> _Task statement_:
Word for word, restate the lines of the listing below from the line with "Mossy Oak Brand Hoodie Charcoal Green" through the line with "Tarascon Pouf, 40x40x40", and do not include the pictures.
───── Material to process
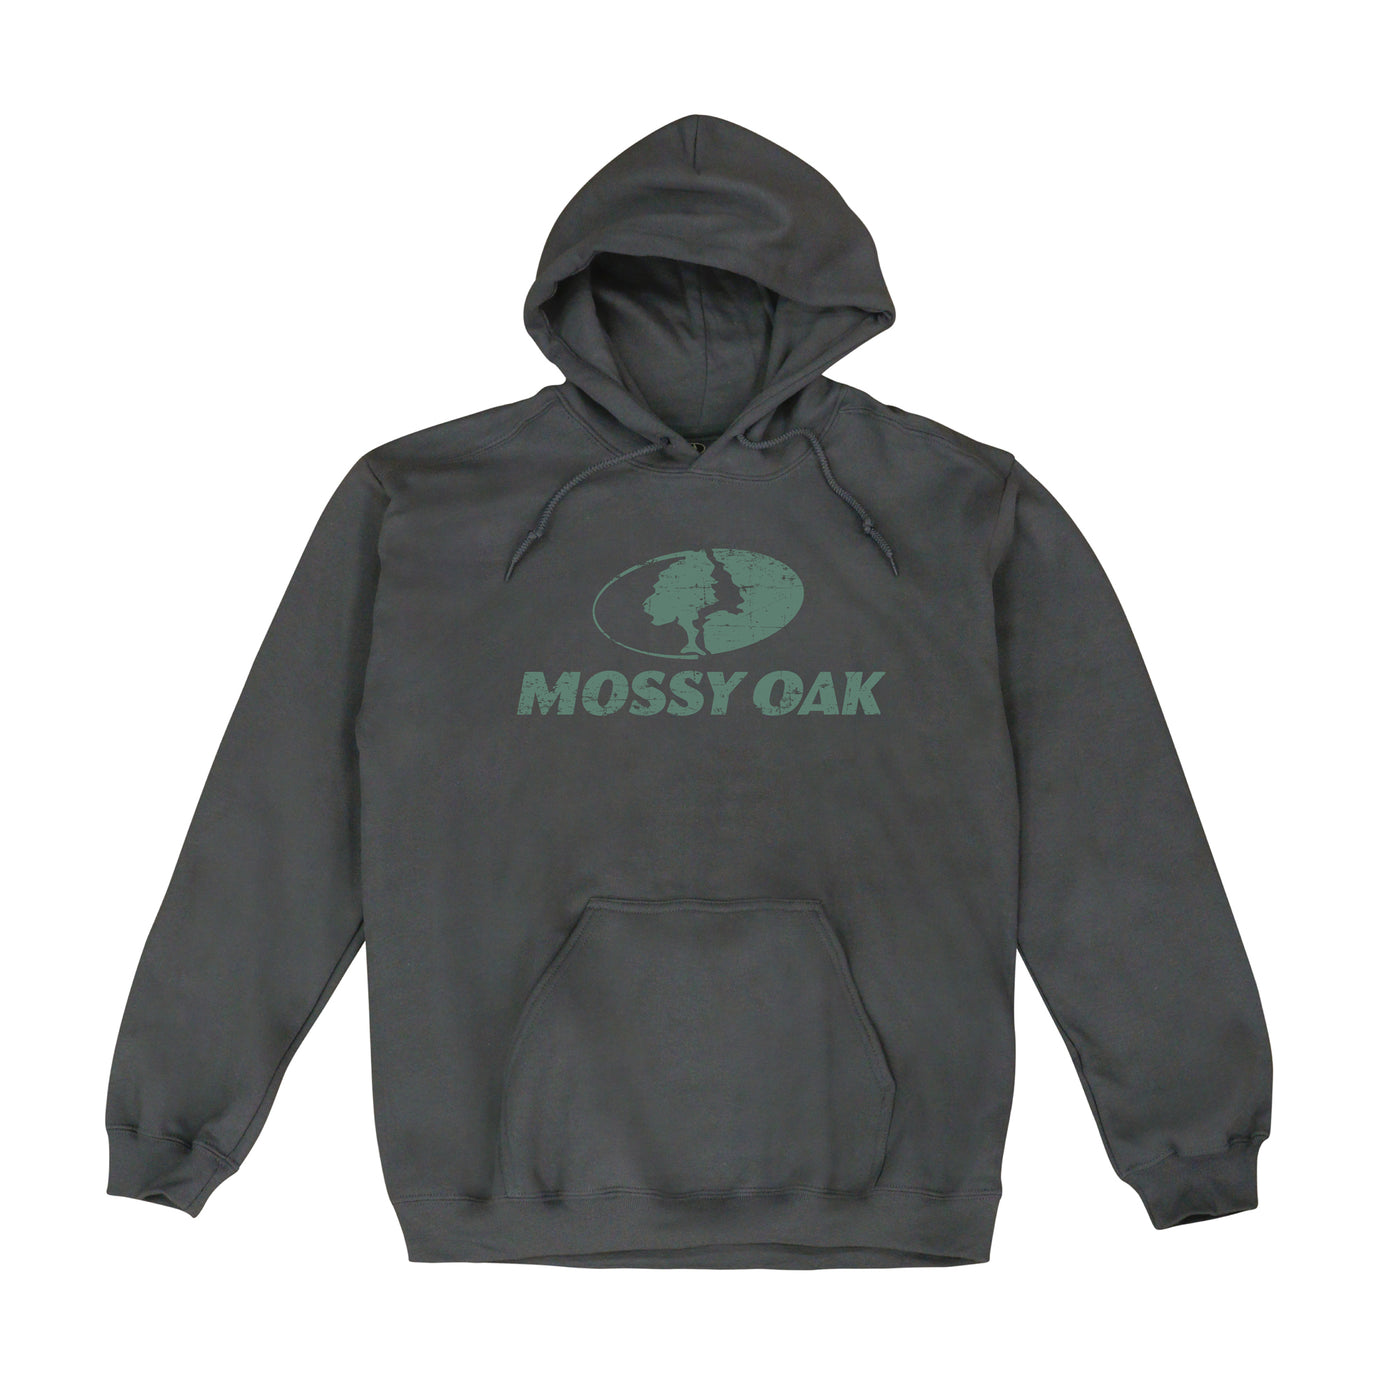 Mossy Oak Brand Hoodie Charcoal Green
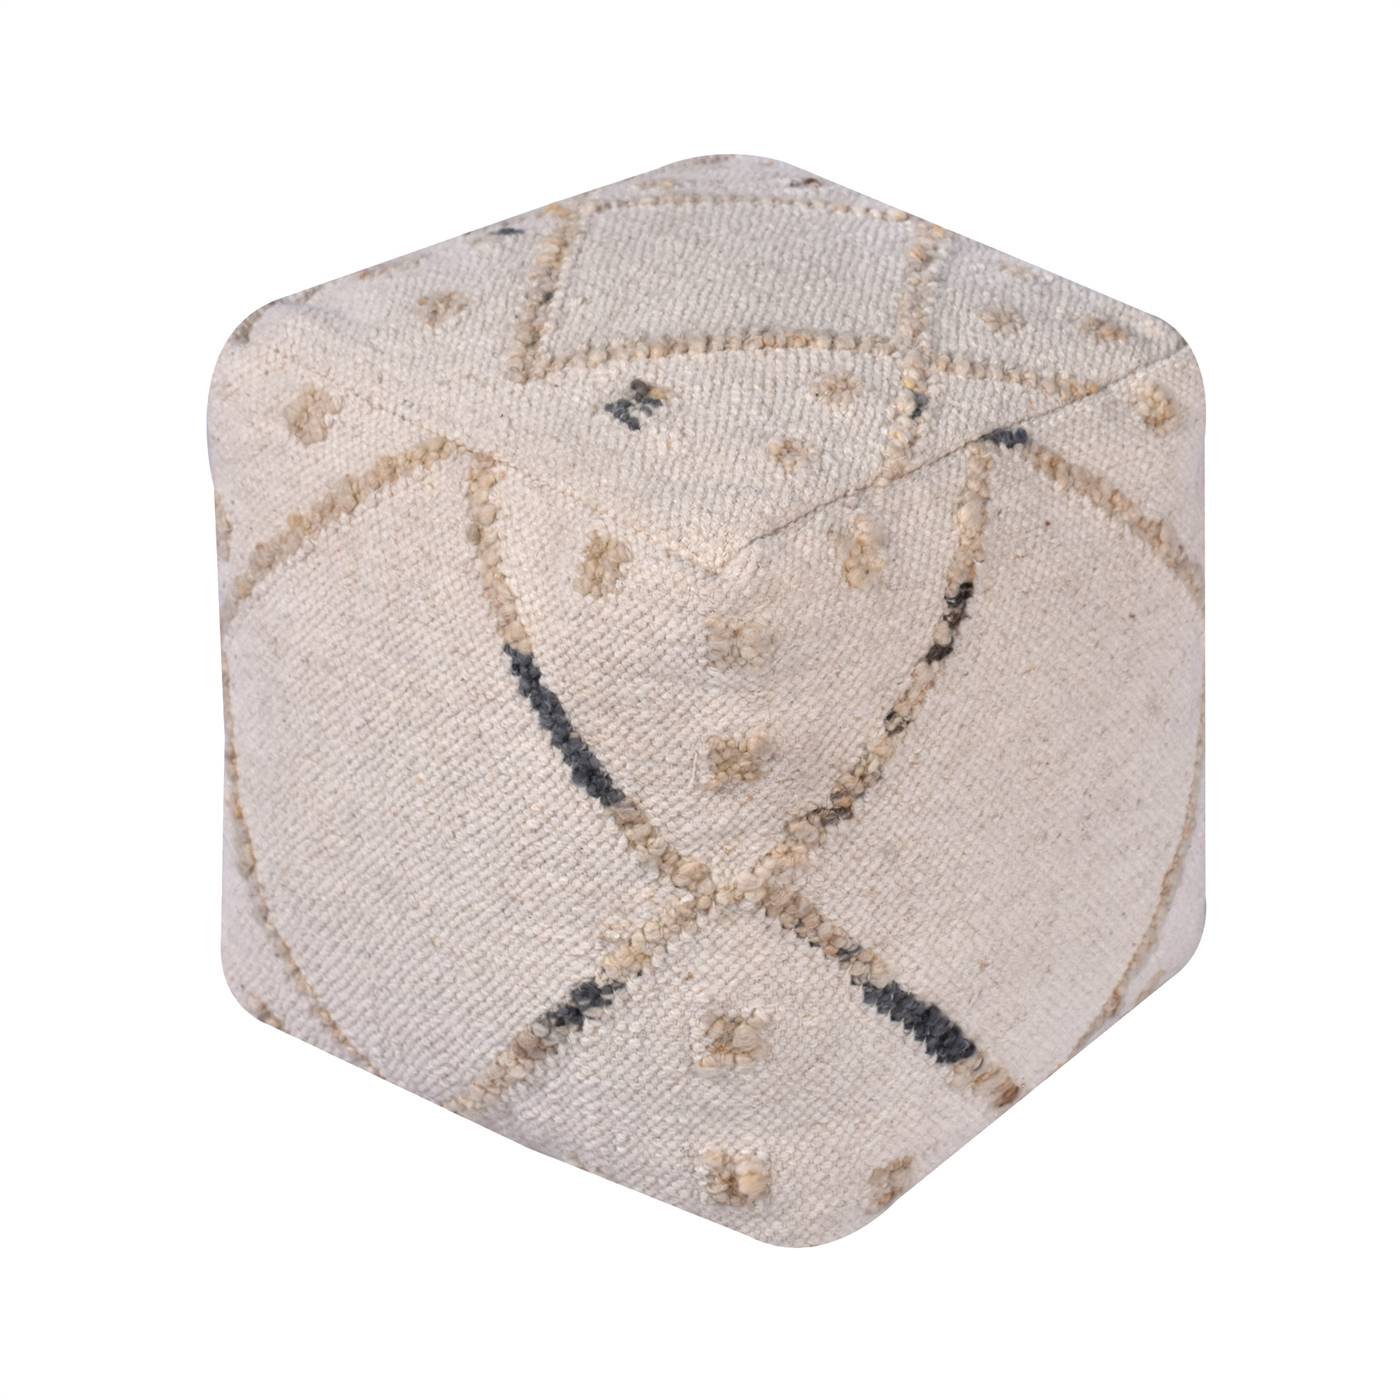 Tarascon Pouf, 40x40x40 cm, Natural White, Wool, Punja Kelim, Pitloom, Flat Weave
──────────
───── Material to process
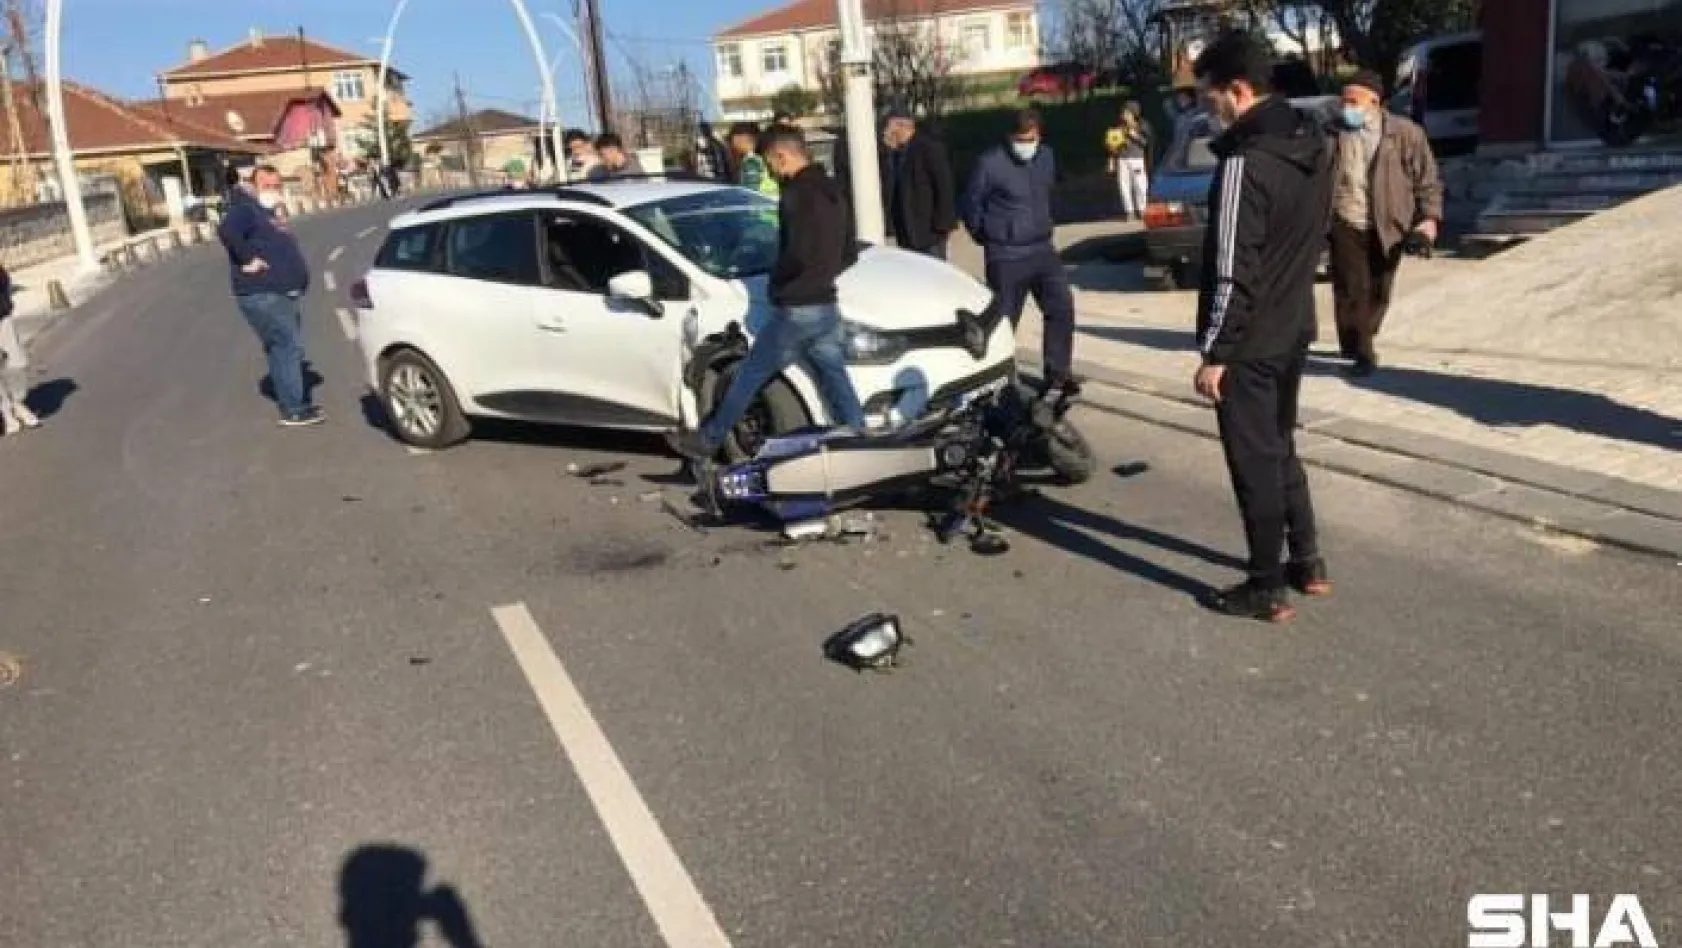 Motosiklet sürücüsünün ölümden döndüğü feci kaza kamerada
──────────
> _Reply to the exercise_:
 Mossy Oak Brand Hoodie Charcoal Green
 Tarascon Pouf, 40x40x40 cm, Natural White, Wool, Punja Kelim, Pitloom, Flat Weave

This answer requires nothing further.